With all the chaos on world’s markets, it is easy to overlook developments in China. The biggest piece of Chinese domestic news is the decision to give limited rights to land use to China’s farmers. This decision came out of the Third Plenary Session of the 17th Party Congress of the Chinese Communist Party (三中全会), which is now convening in Beijing.

The overall thrust of this meeting is to focus on the development of rural China, which has not fared so well as the east coast cities. If the cities continue to develop, and the countryside continues to stay poor, you have the recipe for social unrest on a large scale.

The salient points about China’s development are that China has about 1/3 the arable land of the developed economies for farming, and about 500M live in cities, while 800M continue to be rural Chinese. National development plans (many of which were formulated under Jiang Zemin, who came from Shanghai) called for the urbanization of China.

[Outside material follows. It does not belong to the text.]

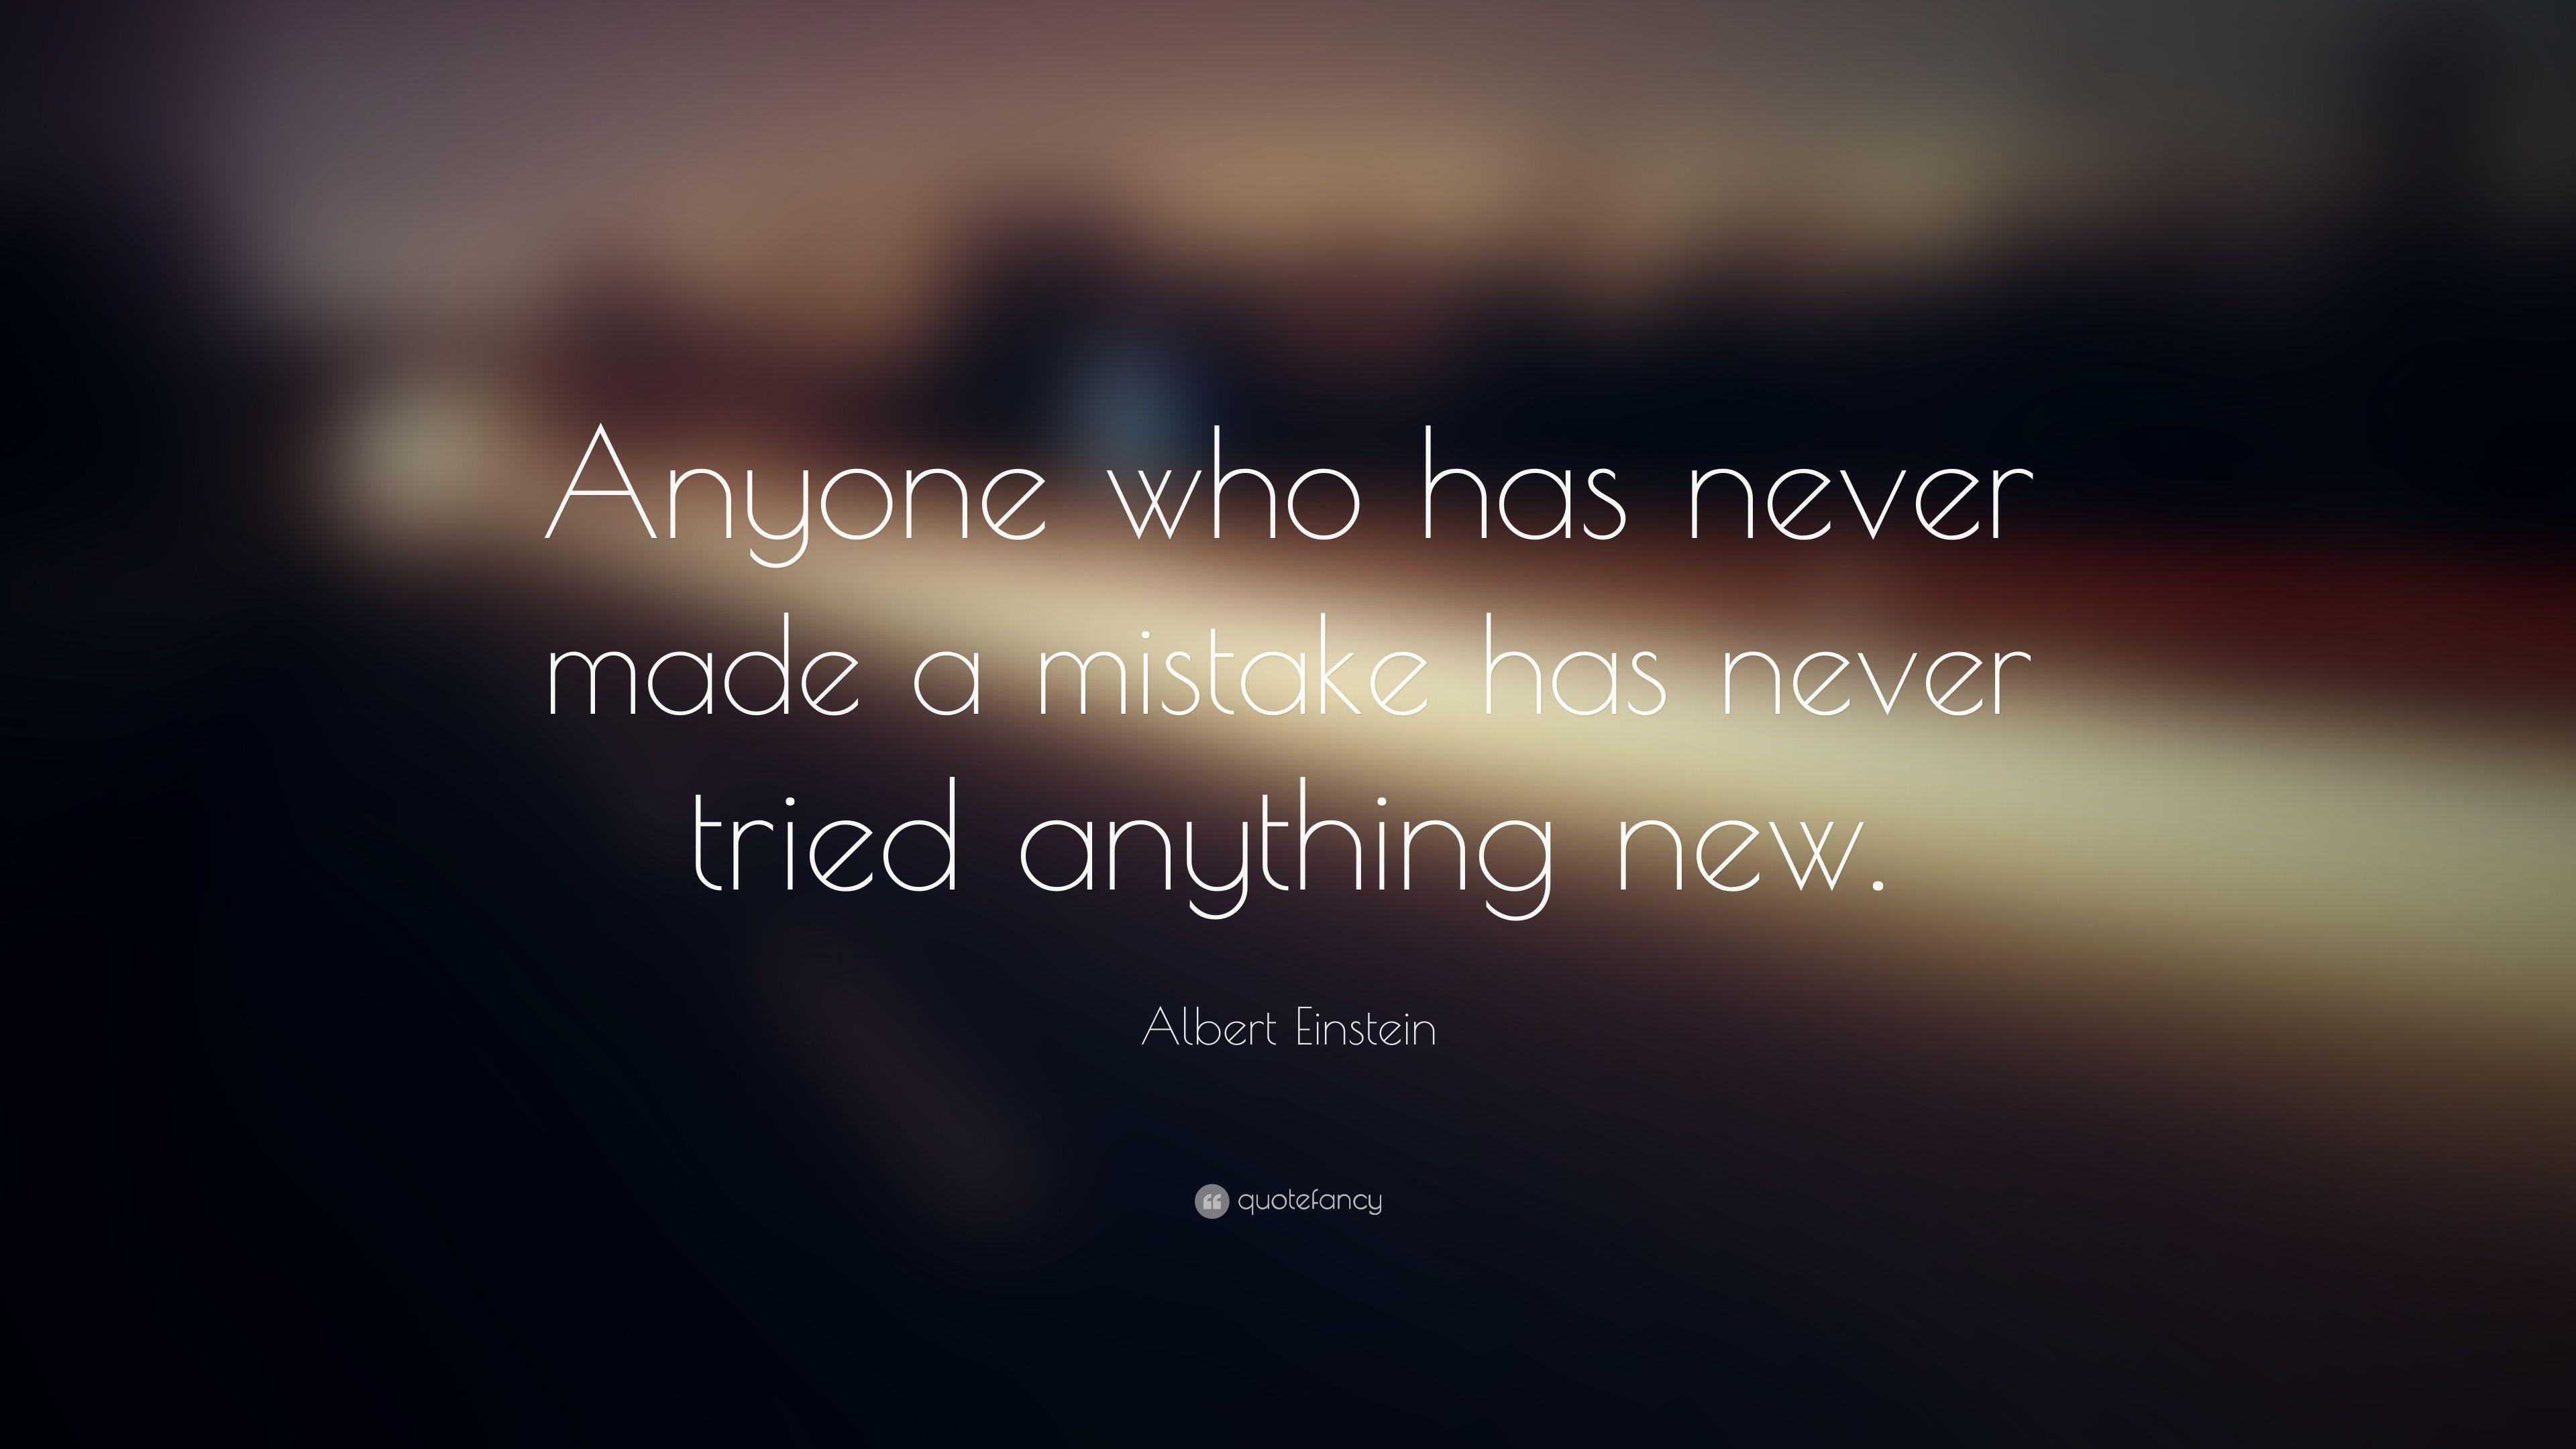 Albert Einstein Quote: “Anyone who has never made a mistake has

China’s first 30 years of reforms required the development of the eastern coast to attract foreign capital, and to make the companies and the westerners who came to China feel comfortable. Only when they had reached some level of comfort, and were attracted by the market potential would the capital follow. They became comfortable and the capital and trade followed.

And now the westerners living in Beijing, Shanghai and the west expect the Chinese with their nearly US2T in foreign reserves to bail out the western economies? Let me tell you why it won’t happen.

  • Successive Chinese regimes have always lost power when they coddled the urban elite and ignored the needs of the countryside. This was how Mao rallied the Communists, surrounded the cities (the strategy was called “using the villages to surround the cities” or “乡村包围城市”), then threw out Chiang Kai-shek in 1949. Hu Jintao and Wen Jiabao know this, and know that they need to swivel around and develop the countryside so that the wealth gap can be narrowed.
  • The Chinese government will focus on developing a new size of town, which in Chinese is called the 城镇 or village town. This will be mainly a distribution, education and trading center for farmers and their families in the immediate vicinity. Population will be 250-500K.
  • For the next 15-30 years, the cities will stagnate in growth. People will not lose their homes the way they do in the US since China does not have foreclosure laws, but their salaries will not go up. Many of the wishes new university grads entering the workforce hoped they had will just become dreams. Somehow they will have to learn to live in this new drastically changed environment.
  • The Chinese government is already talking about the development of rural infrastructure including rural insurance, microlending, etc.
  • Many young Chinese who would have scoffed at the idea of working in the countryside will now go there, simply because job opportunities in the east coast cities will be limited. This, in turn, will help to clean out the party apparatus in the countryside, which has been seen as generally corrupt.
  • Western companies will not benefit too much from this next stage of development because they do not, for the most part, understand how to sell to the bottom 2/3 of the Chinese pyramid. Most only know how to sell to the top 1/3 in the cities. Companies which will prosper are those who sell to the “local local economy”, or bottom 2/3, as Jack Perkowski calls it, as opposed to the “local foreign economy”. The local foreign economy is city-based on China’s east coast; the local local economy is mainly rural and inland.
  • The companies which will survive and prosper are the swift pivoters who can quickly learn how to sell to the “local local economy”. This means that they made some money in export manufacturing, but now switch to sell domestically to Chinese consumers in the new inland towns and cities. Not many companies can do this, but those that do will do well. Most will be entirely new businesses, and local Chinese brands will have an advantage.
  • This next stage of development will require a lot of money. Those foreign exchange reserves of US2T will be needed by China. Now, if you ruled China and you had the choice of 1) lending the money to the west, which has just acted about as irresponsibly as anyone can imagine or 2) investing the money in China to narrow the wealth gap between rich and poor, city and countryside and keeping your regime in power for more than a half century, what would you do? I think that it’s a pretty easy choice.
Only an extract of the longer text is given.